Страница 21 из 52
Вместо ответа замявшийся фон Ронин лишь глубоко поклонился – а кесарь обратился уже к оставшимся офицерам:
- Господа! Я знаю, что вы многое свершили на поле брани, а также доблестно сражались во главе собственных эскадронов. Я могу закрыть глаза на то, что под вашим началом еще нет рейтарских рот и выдать вам патенты на звание ротмистров – но все с тем же условием: вы остаетесь на Руси. Если да, с меня и патенты, и чуть меньшие, нежели у полковника, земельные наделы, и дворянские звания.

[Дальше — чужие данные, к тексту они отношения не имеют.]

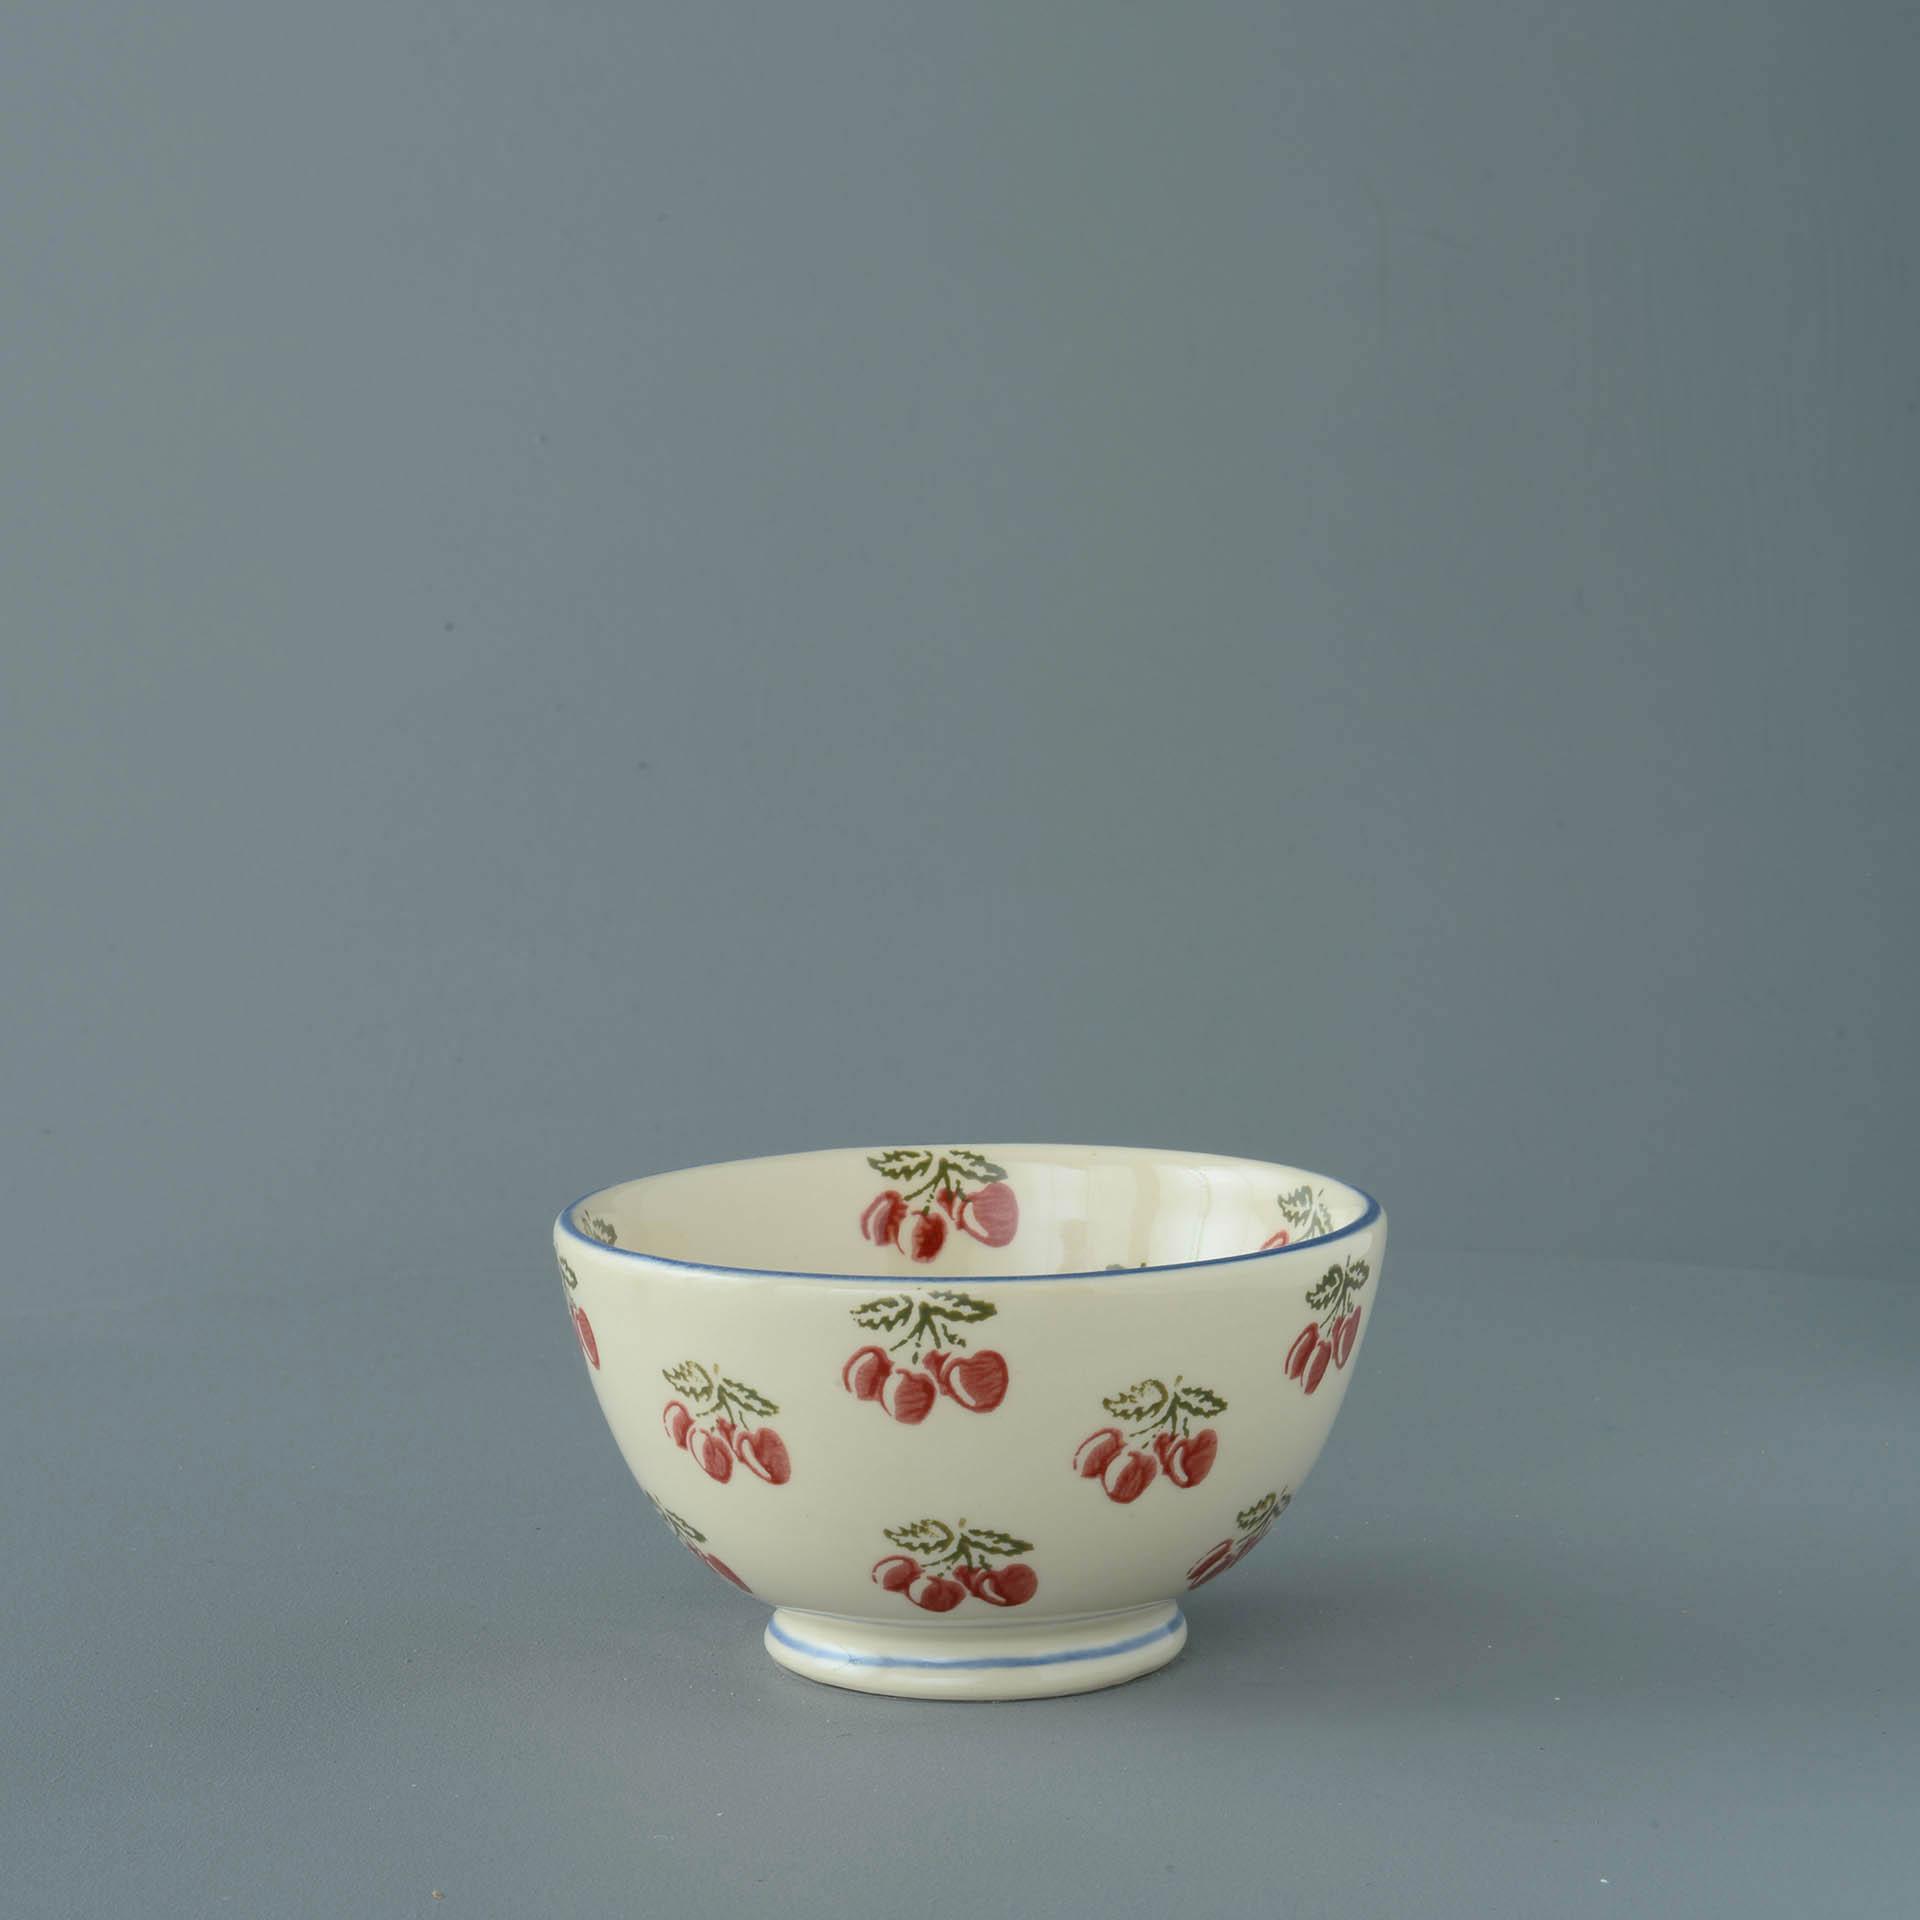 Cherries Cereal Bowl 7 x 13cm

Если нет – я попрошу вас сложить с себя полномочия командиров эскадронов на кого-то из русских по происхождению рейтар… Тем не менее, жалование ротмистров я сохраню за вами до самого окончания кампании.
Оба офицера поклонились, после чего рыжий честно ответил:
- Великий князь! Не знаю за Тапани, но я друг Себастьяна и последую за ним, куда бы он не отправился – и где бы ни остался.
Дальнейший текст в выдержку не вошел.